So does this mean Google is the first search engine to give 100 percent coverage of the web? No. For one thing, that 1 billion page estimate is several months old, and the web has almost certainly increased in size since then. Nor does that estimate include the millions of pages that search engines typically don't crawl, such as those behind password protected areas or served up by identifiable dynamic delivery systems. How big the web is now is anyone's guess. (Sullivan, July 5, 2000)

Some parts of the Web exhibit a high rate of content churn (Brewington and Cybenko, 2000). Speaking of his survey, Brewington estimated that 20% of Web pages are less than twelve days old, while only 25% are older than one year (Markoff, May 29, 2000). An earlier survey by Douglis, Feldmann and Krishnamurthy (1997) found 16.5% of Web pages to be under constant update. An increasingly large number of Web pages are produced "on the fly" by database manipulations. Sherman (1999) calls this "the invisible Web" and concludes that "this trend is going to make it even harder for search engines to be comprehensive Web indexes." The size of the invisible Web is essentially unknown, but may be vast (Abreu, September 11, 2000). BrightPlanet estimates that the invisible Web is five times the size of the visible Web. "Using Google as a benchmark, that means BrightPlanet would estimate there are about 500 billion pages of information available on the web, and only 1/500 of that information can be reached via traditional search engines" (Sullivan, August 2, 2000).

As the Web grows in size, timely delivery of content becomes a problem.

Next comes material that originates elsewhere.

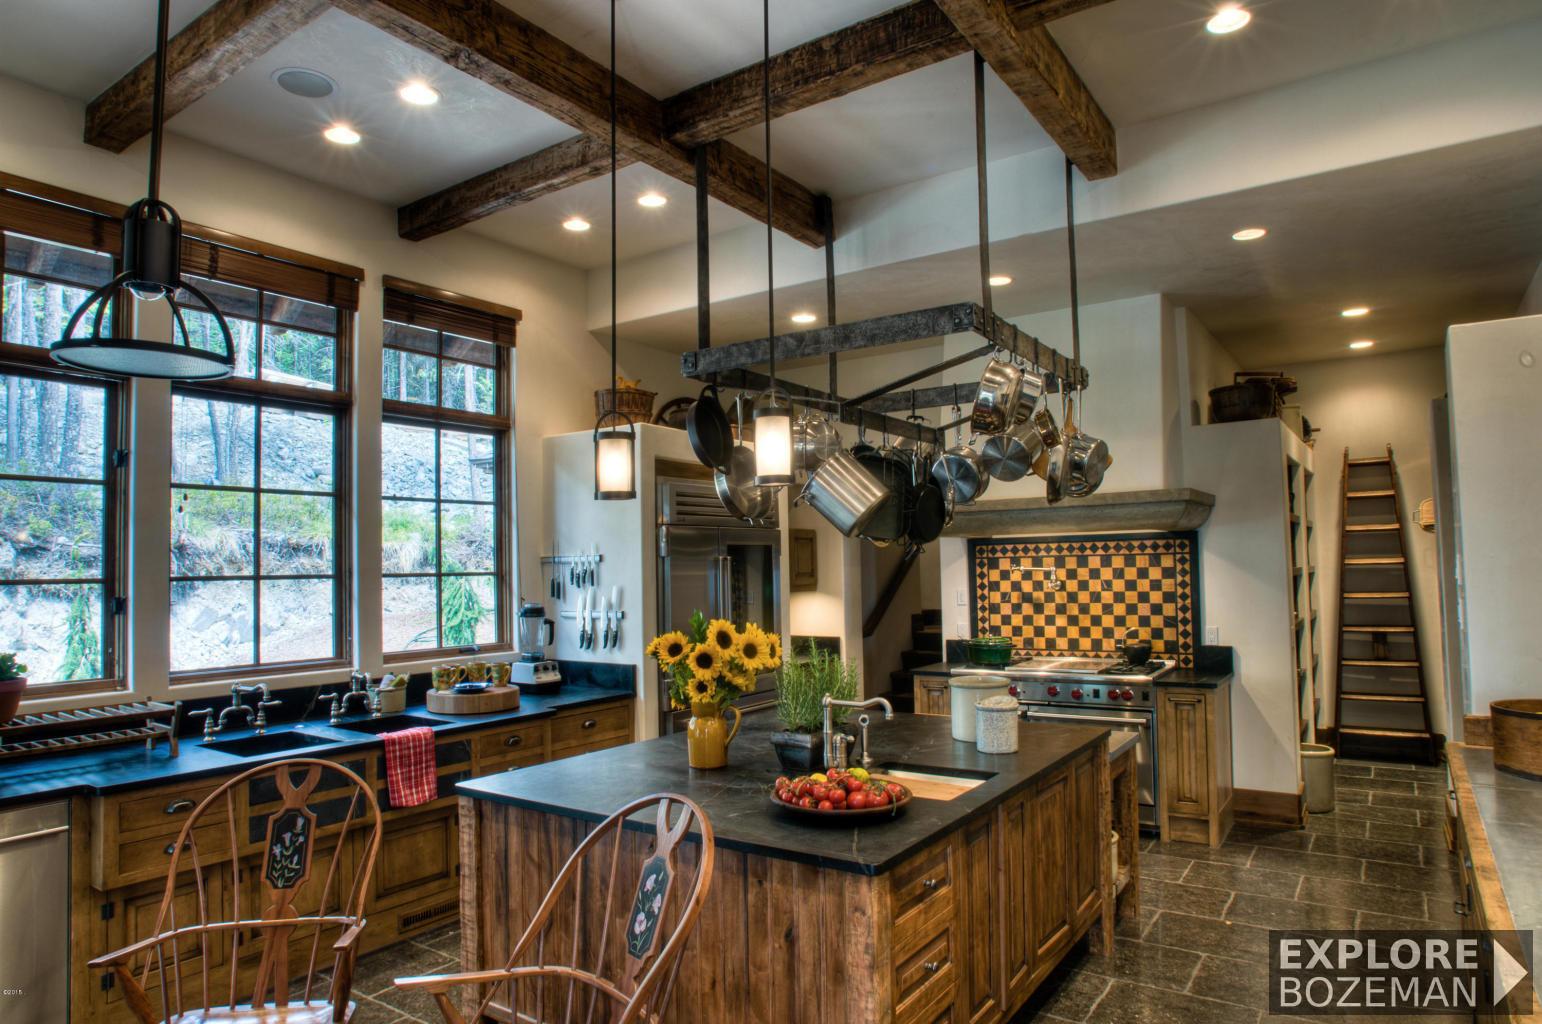 Montana Kitchens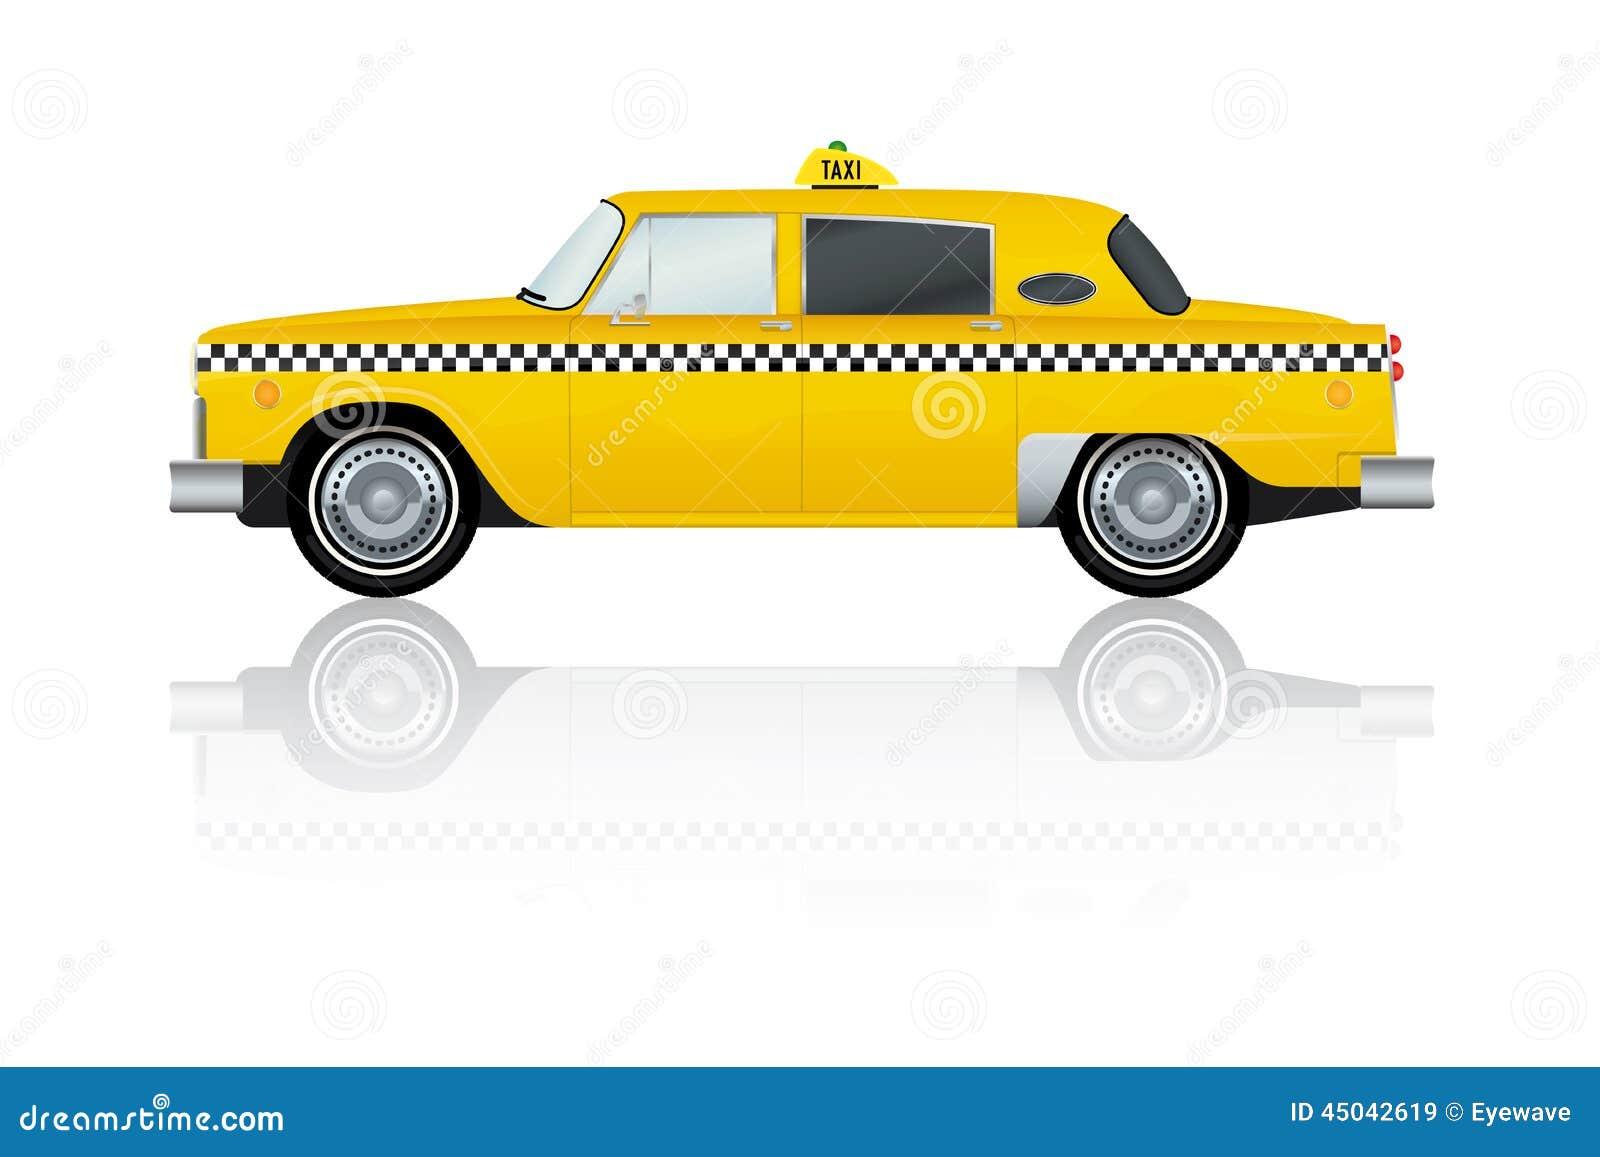 Bike taxi business plan

Fisher (April 17, 2000) describes two strategies used to speed content delivery: caching popular content (the approach used by Inktomi) and using distributed servers (the approach used by Akamai). Many Web pages are assemblages of cached and variously distributed material. "When a user in Singapore, say, clicks on a popular page in Yahoo, only the first request goes to Yahoo's server in Palo Alto, Calif.; the balance of the page is then delivered from an Akamai server with the shortest, fastest connection to the person in Singapore" (Fisher, 2000, p.C1).

The Web's technological environment is a wholly decentralized phenomenon that springs from many communities, many authors, many languages and points of view. The Web is growing quickly with a significant proportion of information sources exhibiting high content churn. What appears in a Web browser as a static, "document-like" object may have been produced by a combination of dynamic scripts or programs, various database manipulations, with content possibly originating from caching and/or distributed processing. Finally, it should be noted that Web browsers, themselves, exhibit idiosyncratic qualities that may alter the appearance of Web pages depending on their abilities to support scripts, Applets, cookies, dynamic HTML, cascading style sheets, extensible markup and so on.

Legacy Technologies Applied to the Web

It is a truism, perhaps, that we seldom recognize the radical nature of new technologies and prefer to view them as merely extensions of more familiar, older technologies. This impulse expresses itself in the attempts to catalog the Web or develop a single subject topical scheme for Web pages.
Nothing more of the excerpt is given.